[Project] Air pollution analysis


Would you like to feel like a real scientist discovering regularities in large data sets, formulating and testing hypotheses? Do you like to search the Internet for information, connect different facts and draw conclusions? If so, this task is for you: you will have an opportunity to analyze real data and identify how it depends on geographical and meteorological parameters.

The students will get familiar with the air pollution problem, air quality monitoring initiatives and basic geographical and weather factors which influence air quality. Working on the problem will allow the students to demonstrate their analytical skills and practice typical research process steps: understanding and interpreting data, making assumptions and testing hypotheses, generating observations and formulating conclusions. Finally, the analysis will strongly foster good teamwork, brainstorming, and extensive communication within the team.


Hello everyone!

My name is Agnieszka Bukowicka and I’m 17 years old. I am from Warsaw (Poland). I would like to take part in this project because my country belongs to the one of the most polluted ( so it gives me lots of sources to get informations ). I’d love to join an international group to work in this activity.

Thank you,


Hello Agnieszka, my name is Maria Jose and I’m 17 years old too. I am from Albacete (Spain). I agree with this project, so I would like to cooperate with you.


Oh perfect, I’m so glad! So we need only one more person.


Enclosed below please find the main questions and topics discussed during the coaching session on March the 22th 2018 on the topic: Air Pollution Analysis

Q1. Is there any length limit for the project?
Answer: There’s generally no limit, you needn’t worry about the project being too short because the organizers are pretty aware that the time given is relatively short.

Q2. Are many charts required?
Answer: Yes, charts can be included in the solution with appropriate comments attached that back up the hypothesis stated at the beginning.

Q3. May the analysis use also data which is not openly available (e.g. data sent on request).
Answer: Yes, generally it is recommended to use rather openly accessible data, however as it turned out in many case the some kind of data, or historical data is not published. So, if you manage to get this data contacting the data provider, it is OK.
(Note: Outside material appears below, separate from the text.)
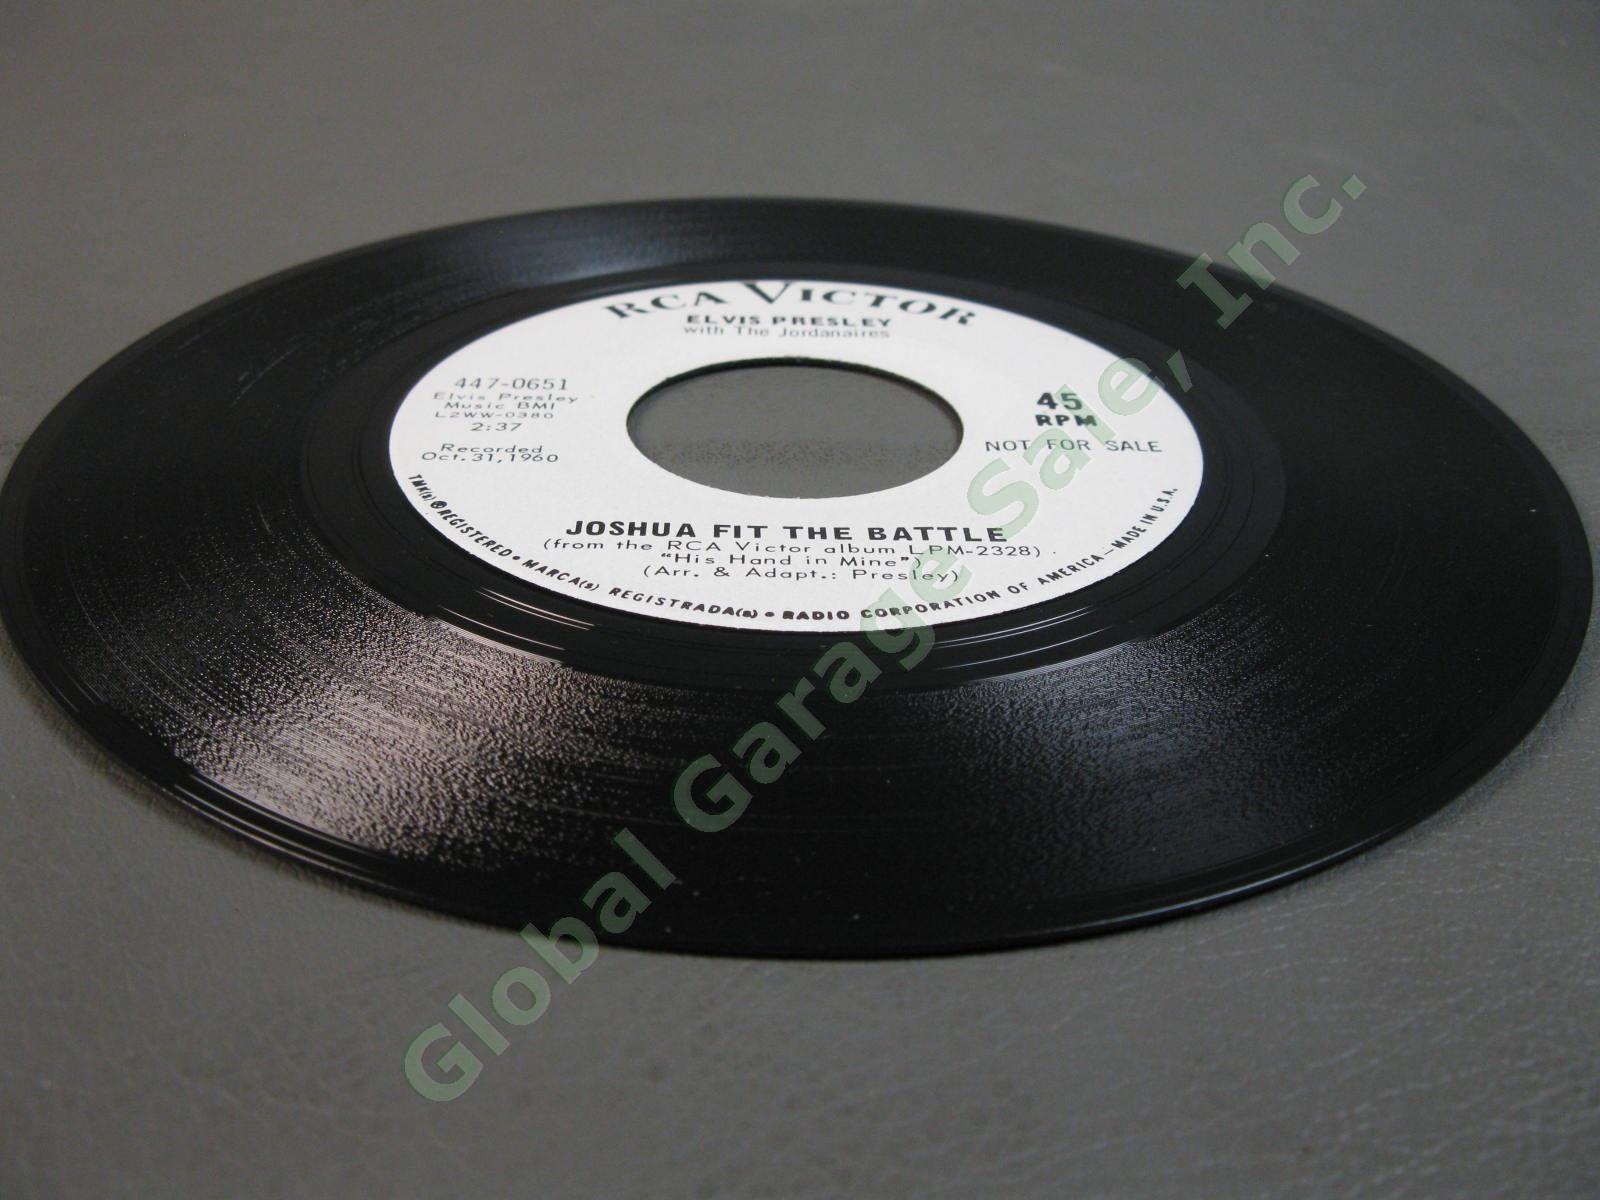 Elvis Presley 45RPM 7" White Label PROMO Record Joshua Fit The Battle 447-0651 6

Tips regarding the data preprocessing
There are many tools we can be used for data preparation and analysis. One of the is NotePad++ which amongst many powerful features offers:
a) Regular expressions support which allows searching data patterns and replacing them by other strings
b) Columnar mode (Alt + RightMouseClick, or choosing appropriate option from menu) – coping, pacing, deleting selecting columns in txt files.